People need to stop and remember that the name on our book is the same name that's on WoC, Orks, Eldar, Dark Eldar, SW's. I think out of all those books, the only big complaints are the continuous and age-old SW's hate-on, venom spam, and 8th ed itself making chosen utterly insane!

The 'ethereal cheese' everyone is blathering on about will come from hyper-competitive types abusing 3x 1 spirit host bases as cheap deployment drops and monster/small elite unit sans magic attacks tarpits.
And even these aren't all that nasty - just take a Lore of Fire or better yet, a Lore of Light wizard when its an option and those ethereals will go poof!

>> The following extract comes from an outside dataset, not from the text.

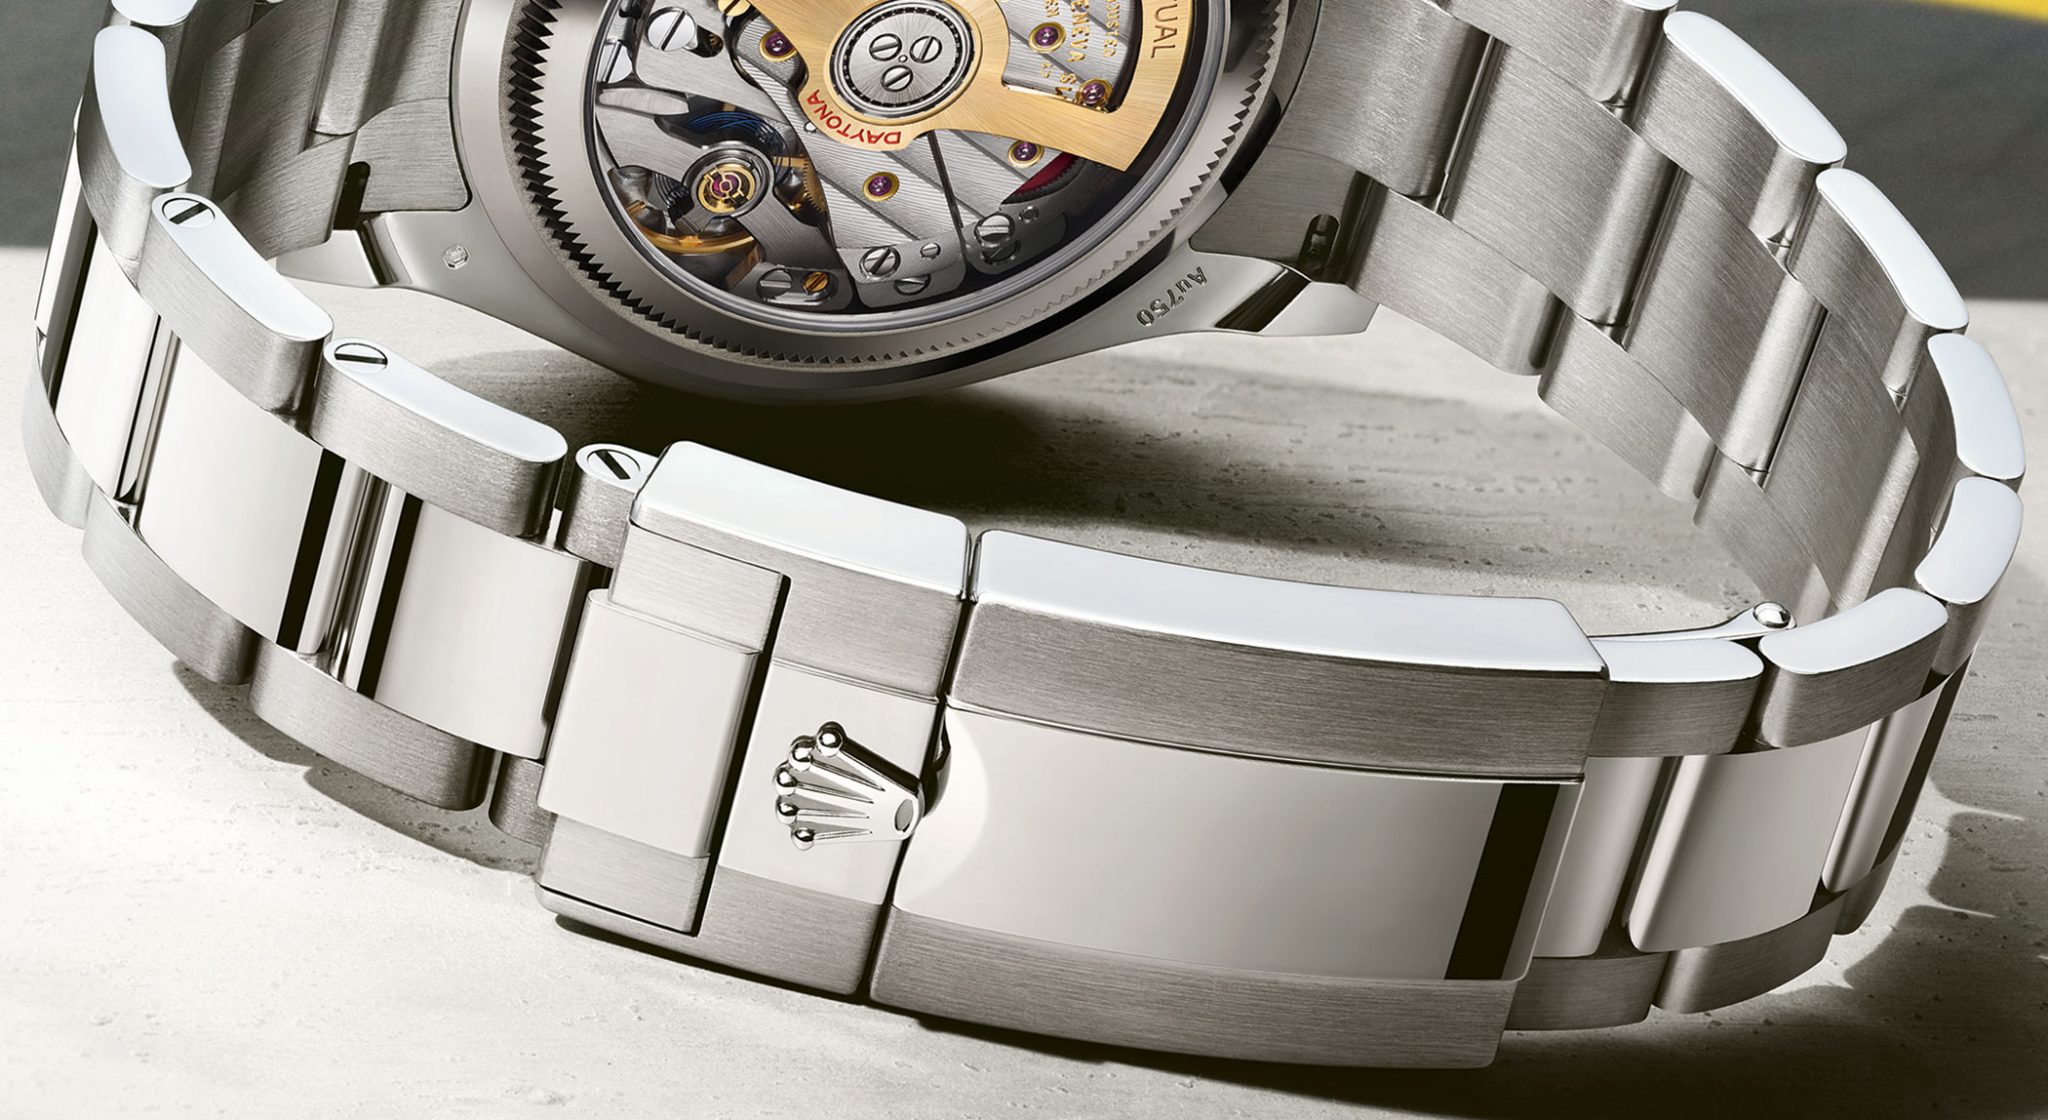 Armband-Rolex-Cosmograph-Daytona-24h-Lemans-Ref-M126529ln-0001-Fotocredit-JVA-fuer-Rolex-13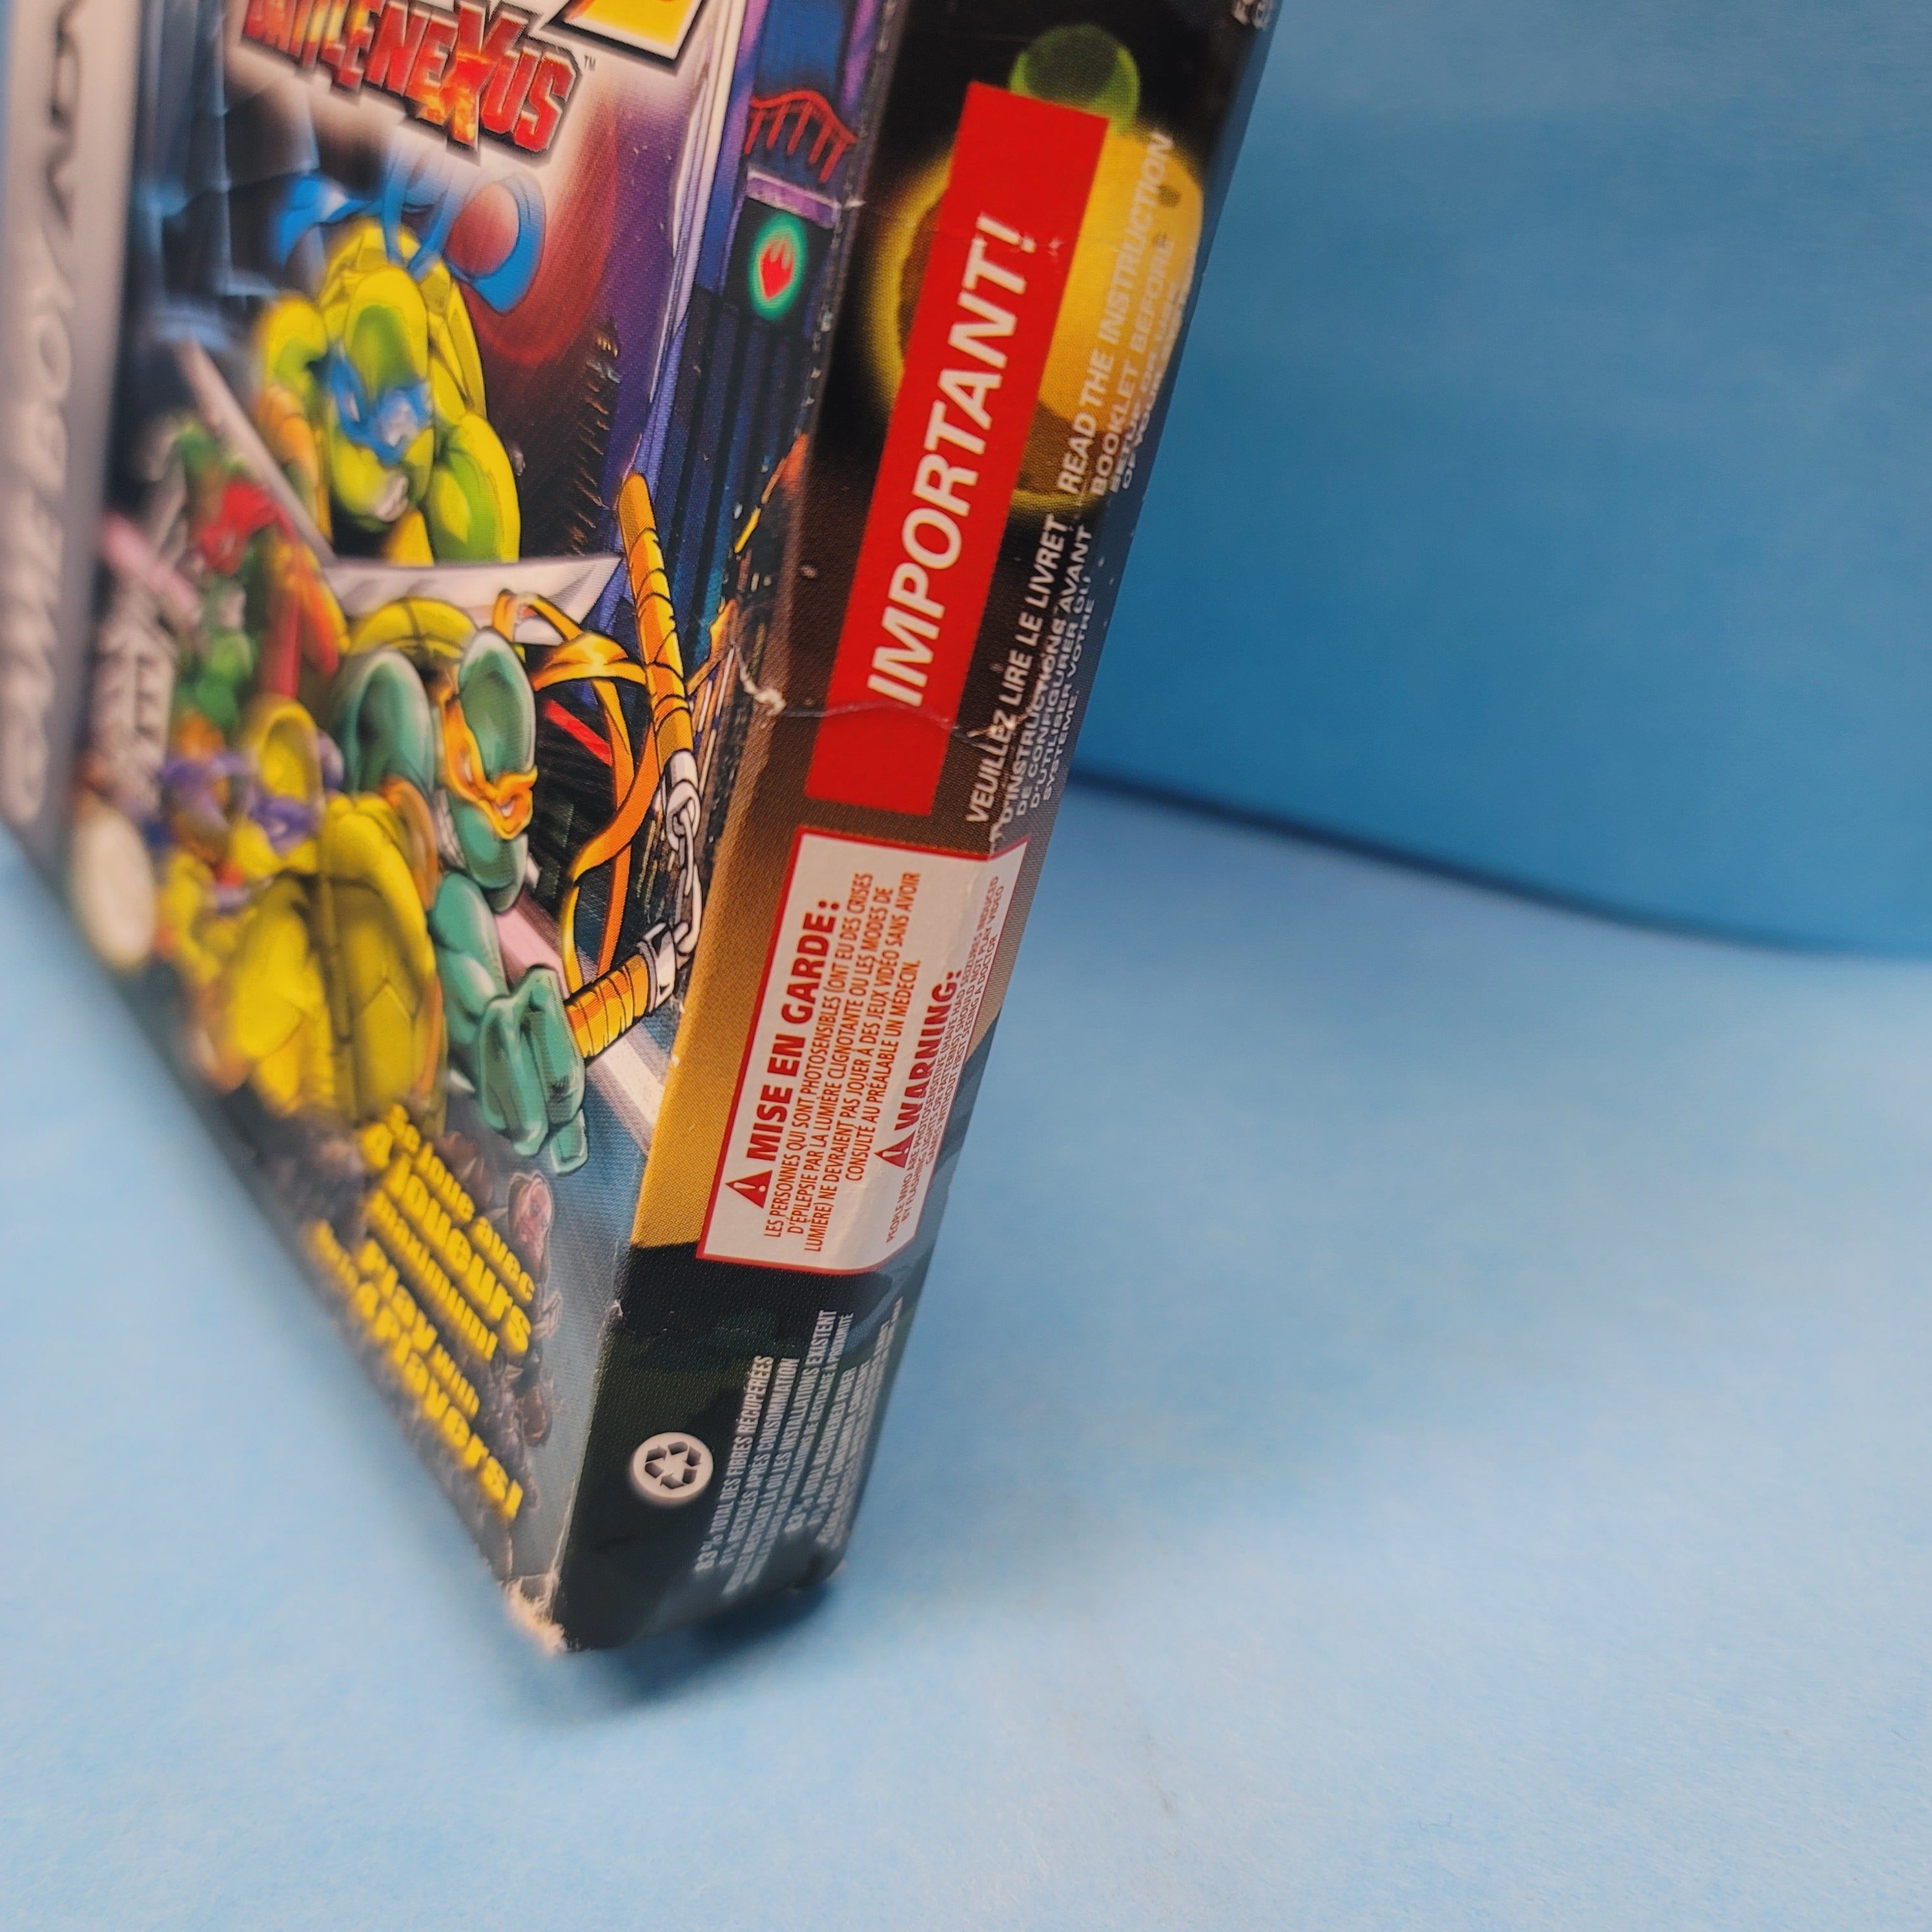 GBA - Teenage Mutant Ninja Turtles 2 Battle Nexus (Complete in Box / B / With Manual)

Tim/Steven: It sounds like your ogres could do with a firebelly and/or converting those new crypt horrors/vaghiests into yetees for added magical attack sources!
Apparently VC's are broken because of all our ethereals...


----------



## stalarious

OK guys/gals I dont know which you guys are I am not saying broken as in they are OP thats not fair being a newish player I am saying its broken to my thinking because I see this as awesome not throwing in the towel saying they are not fair. Overall the new VC book is balanced and a good army.

The armies I have read/played against WOC HE WE Orc's thats it so my field of view on the game is limited but the new models add new tricks to the VC we didnt have before and it has "broken" the traditional sine of how I would want to run VC. Maybe I screwed up when I posted the title like I did because it was not my intent to make them sound OP because in fact their not.


----------



## Tim/Steve

experiment 626 said:


> Tim/Steven: It sounds like your ogres could do with a firebelly and/or converting those new crypt horrors/vaghiests into yetees for added magical attack sources!
> Apparently VC's are broken because of all our ethereals...


It sounds like you've had about as long a look at the ogre book as you have had at my name.
Forcing ogres into being able to oppose ethereal units seriously compromises them against all other enemies... I'm prepared to struggle through a few games against VC rather then struggle through every other game.


I don't think ethereal units are very good: many armies out there can just mush them without trying so I don't think they are worth taking in any great numbers. I even enjoy fighting against an army with a handful of ethereal models with armies that can't just crush them... where I get annoyed is facing armies that I consider to be pretty badly designed but with an army that just can't do anything about it.
Then again I've had bad experiences: worst was when I had agreed to a game against a new bloke at our FLGS (I'm just about the friendliest gamer there and am willing to game anyone who walks int he door) but upon hearing that I'm using ogres he whips out a massively ethereal list. I just deployed, ran straight at him and suicided my army- game was over in 10 mins. Oddly he couldn't find anyone else willing to play him and he stopped coming down altogether shortly afterwards.


----------



## stalarious

That sucks see me I wouldnt do something like that I hate building lists that are only good if you fight this or that army. I believe that it is a whole lot more exciting to try and build a all comers list and get surpised by what your opponent brings to the table. 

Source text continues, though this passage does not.